= What you should do =
Please copy exactly the part of the records below that opens with the line containing "action man accessories" and closes with the line containing "Hymn and Gospel", leaving out any pictures.

= Data under study =

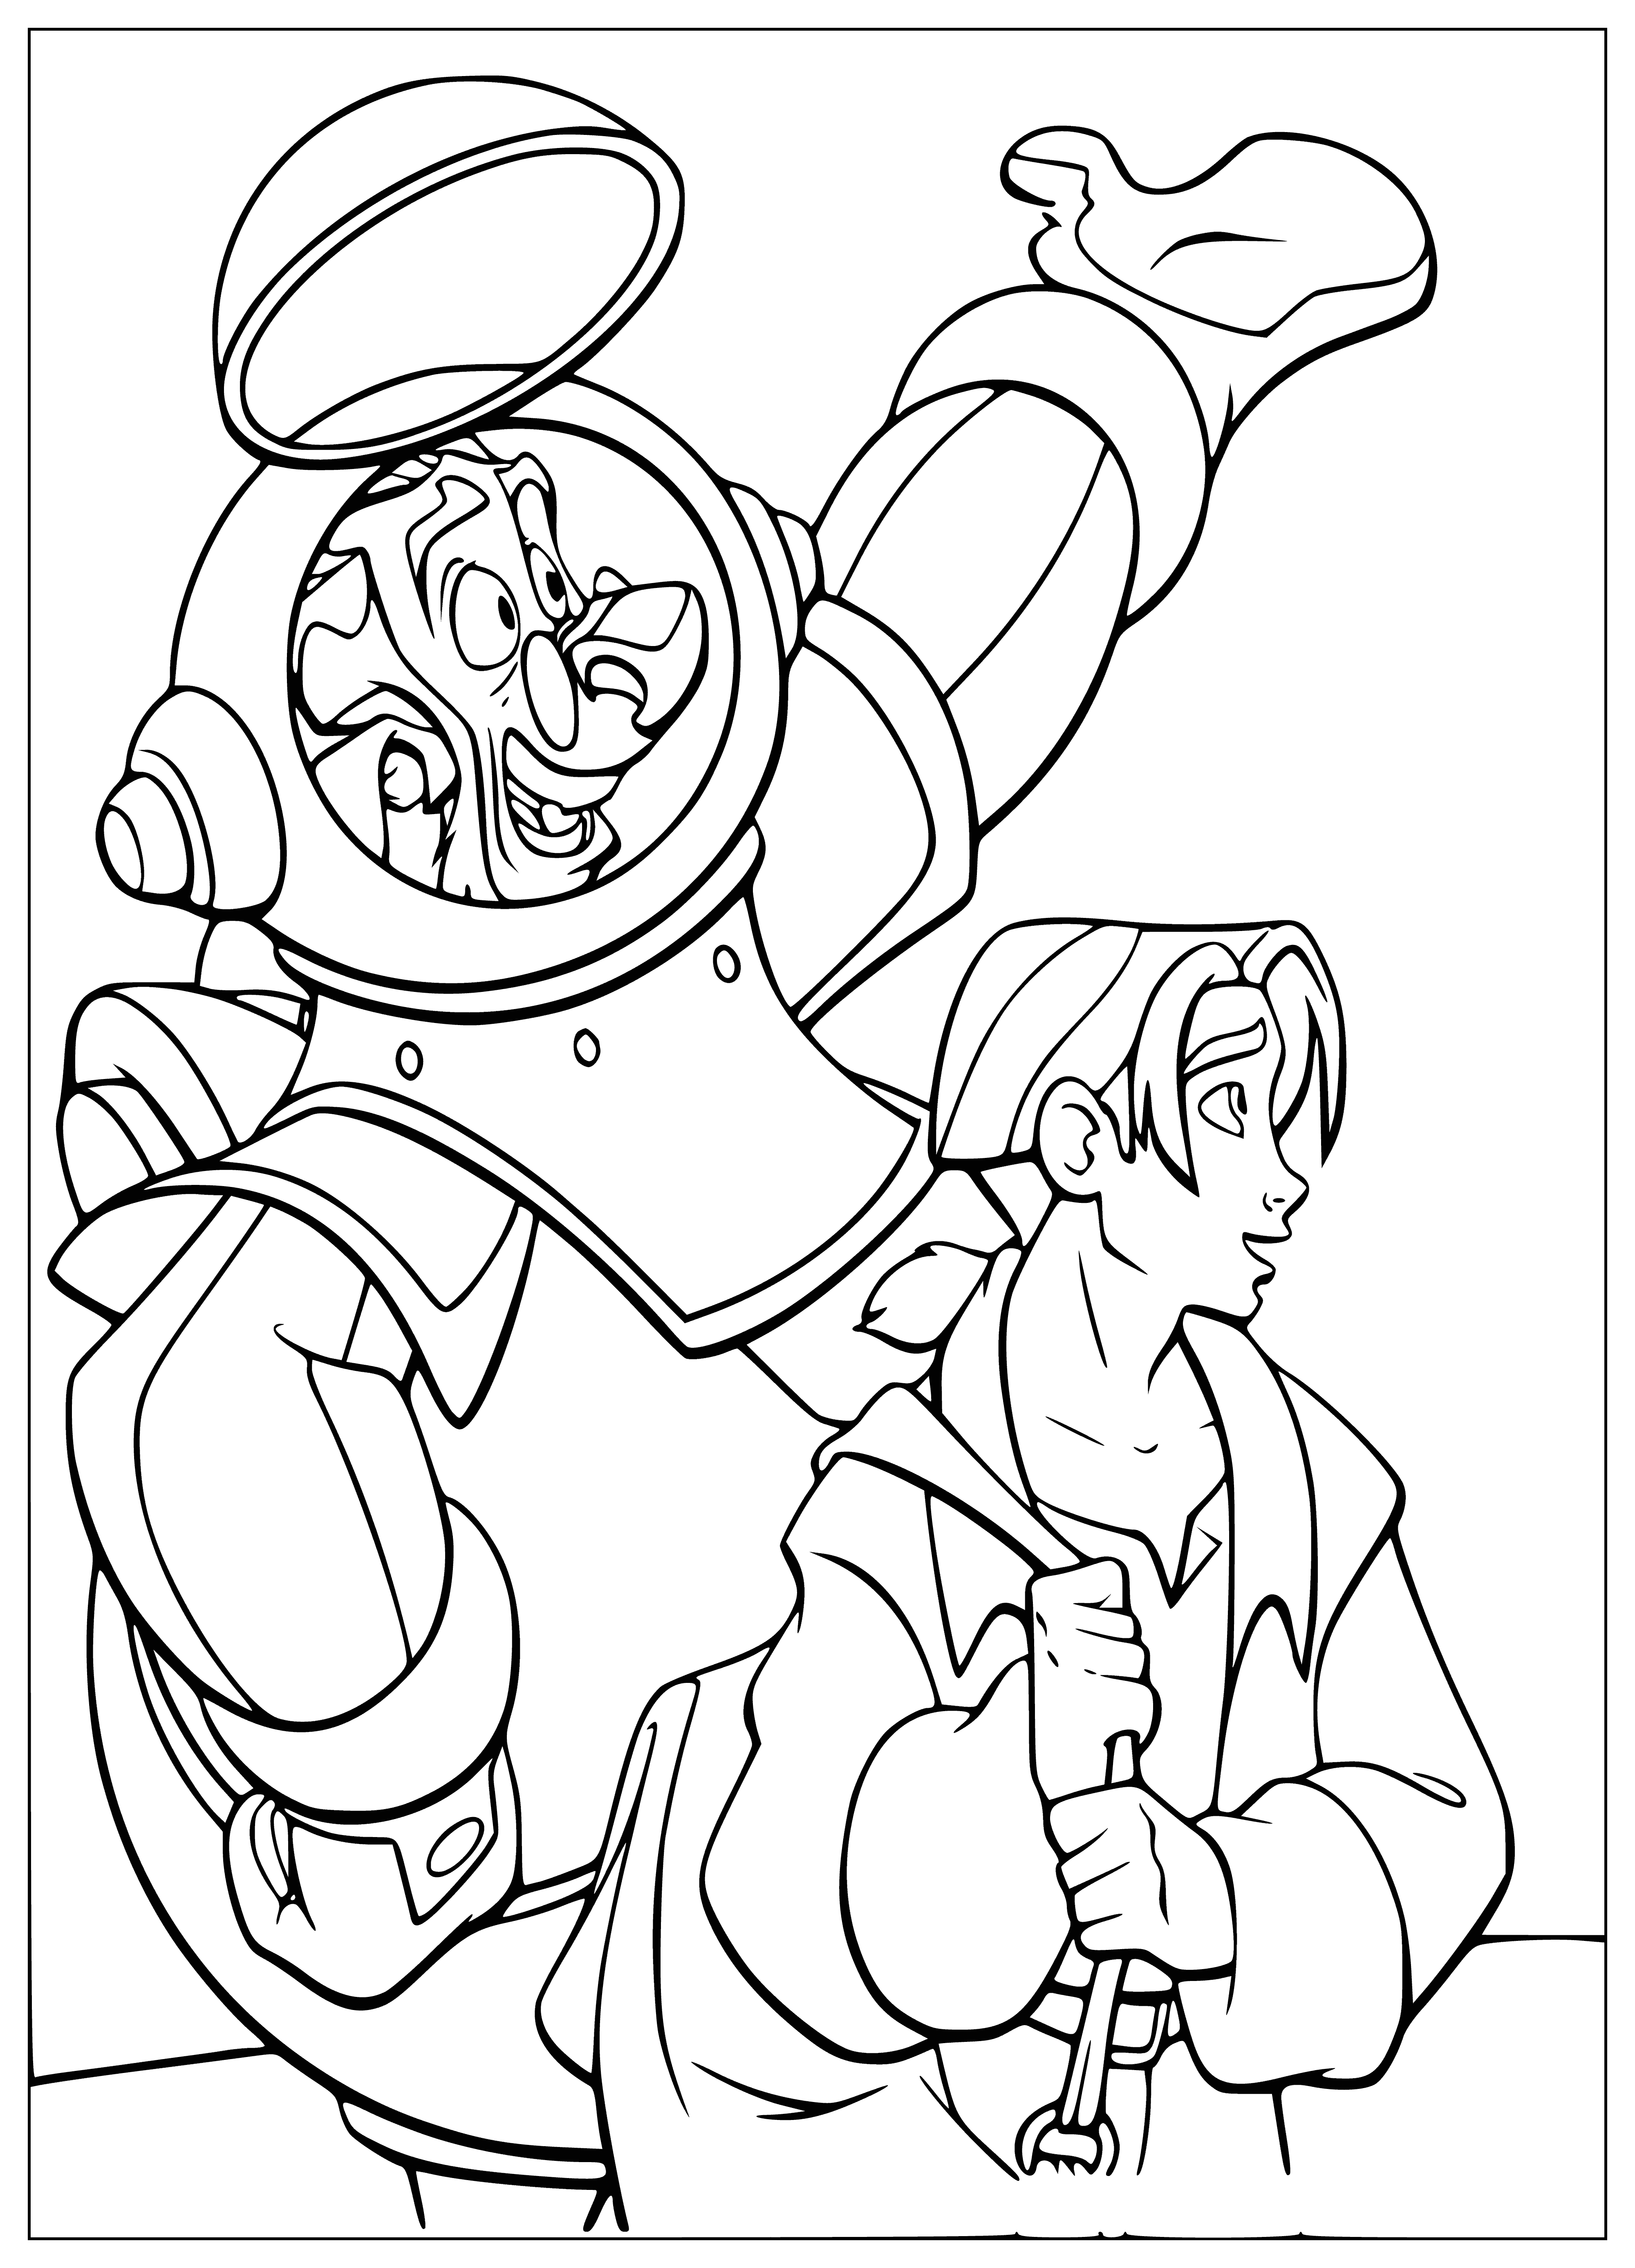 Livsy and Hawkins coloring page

--

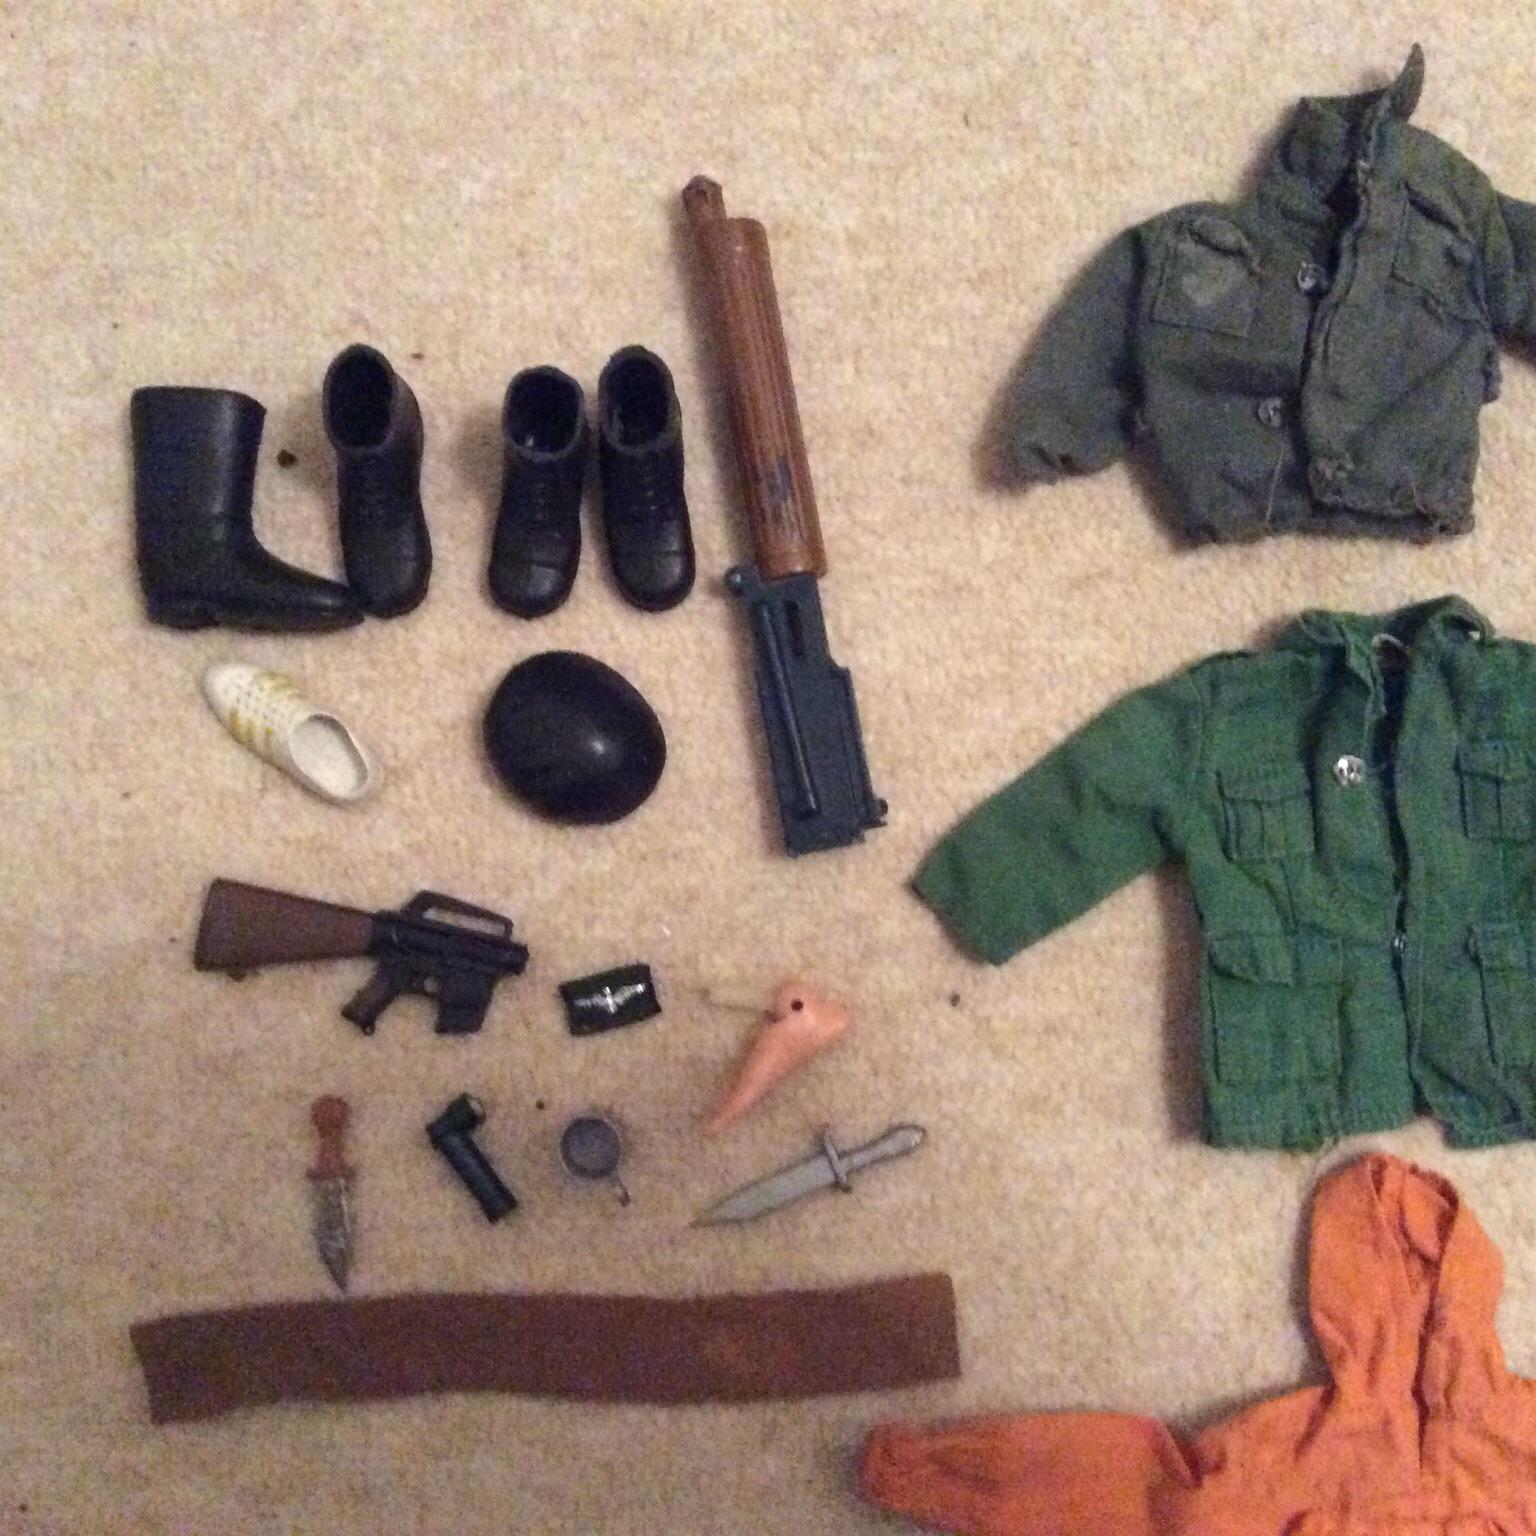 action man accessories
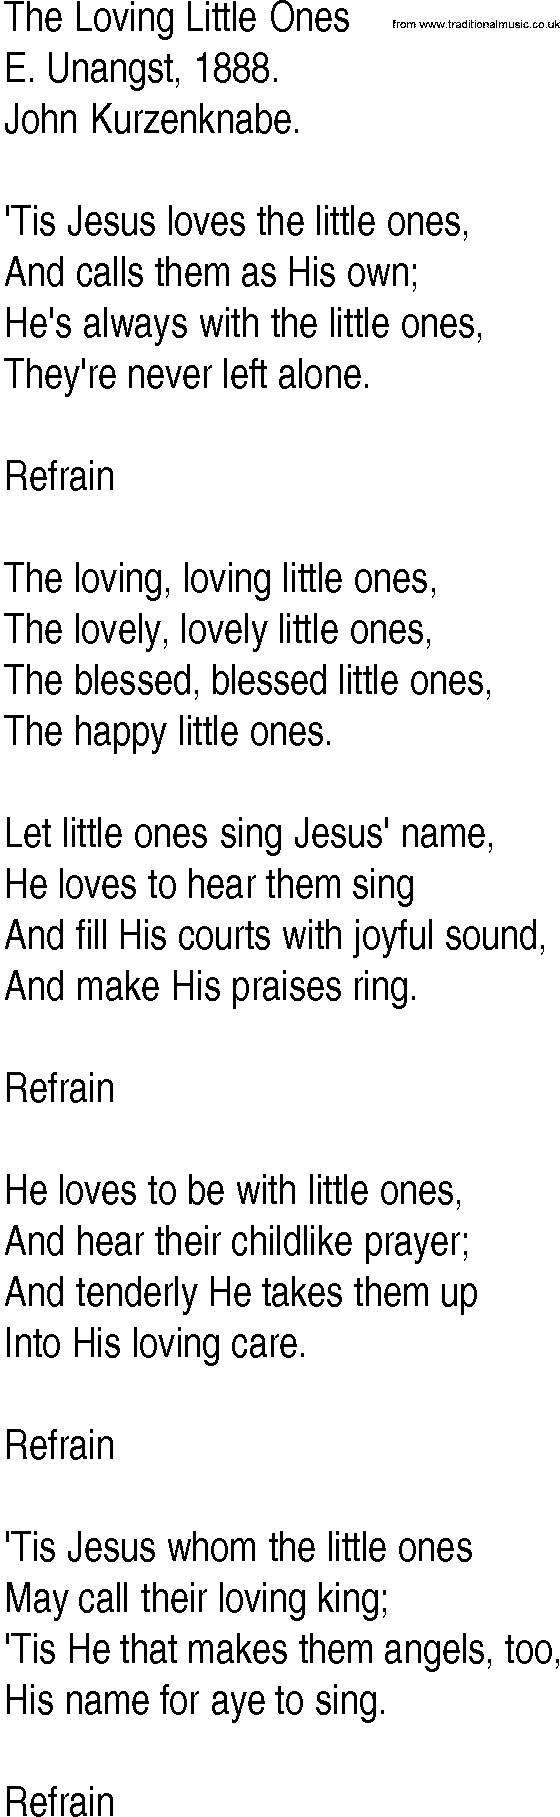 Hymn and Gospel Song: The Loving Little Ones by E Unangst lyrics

==

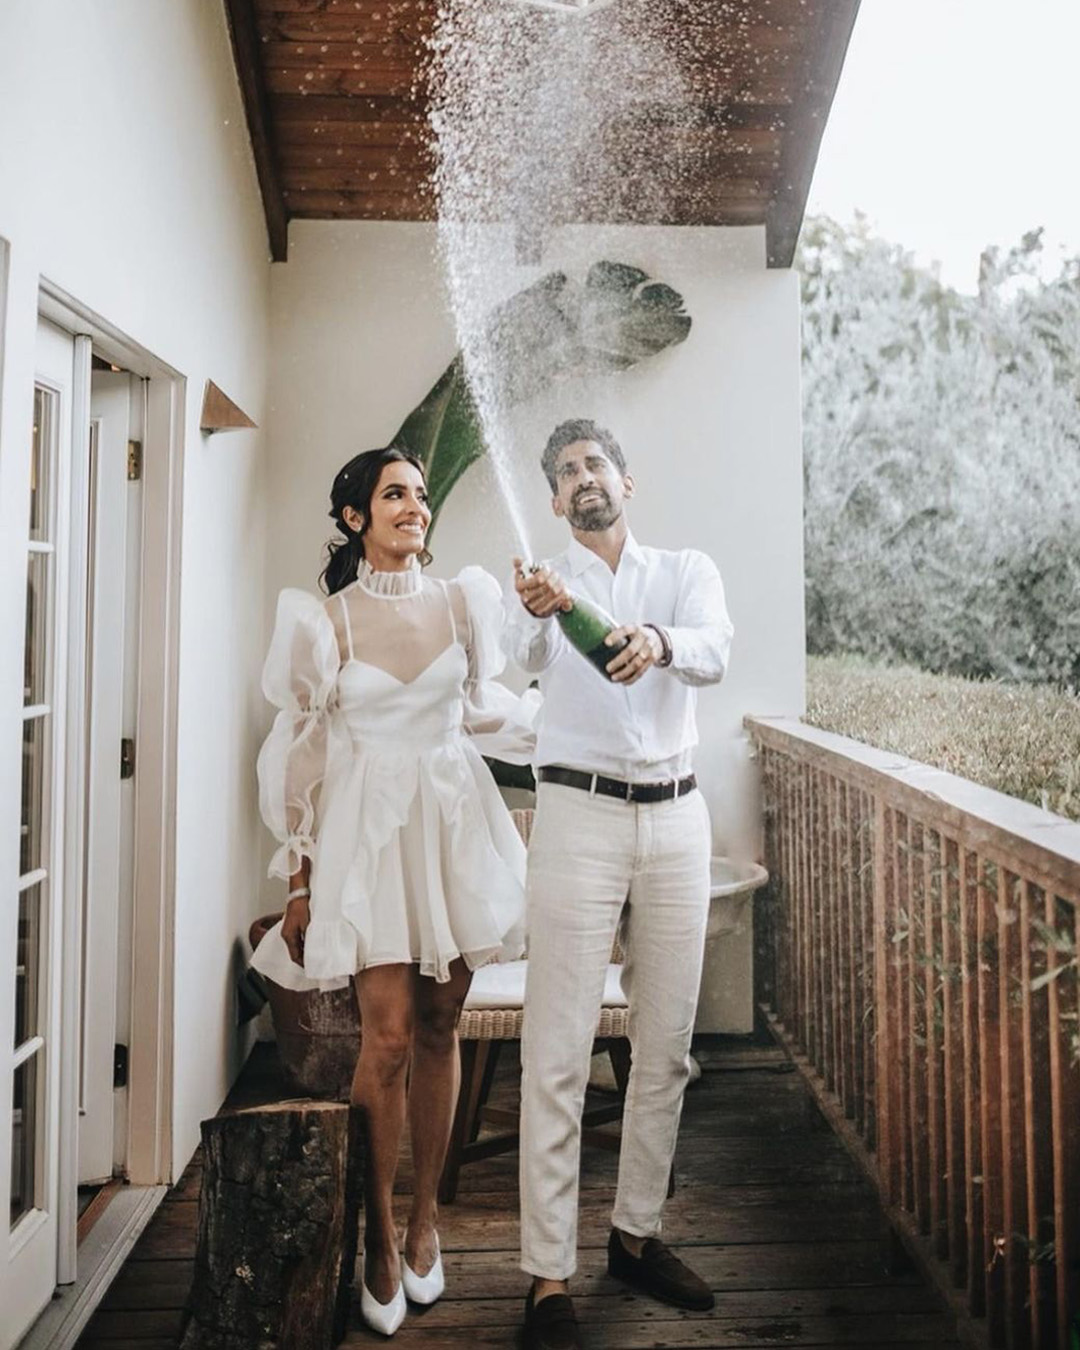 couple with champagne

= Answer space =
 action man accessories
 Hymn and Gospel Song: The Loving Little Ones by E Unangst lyrics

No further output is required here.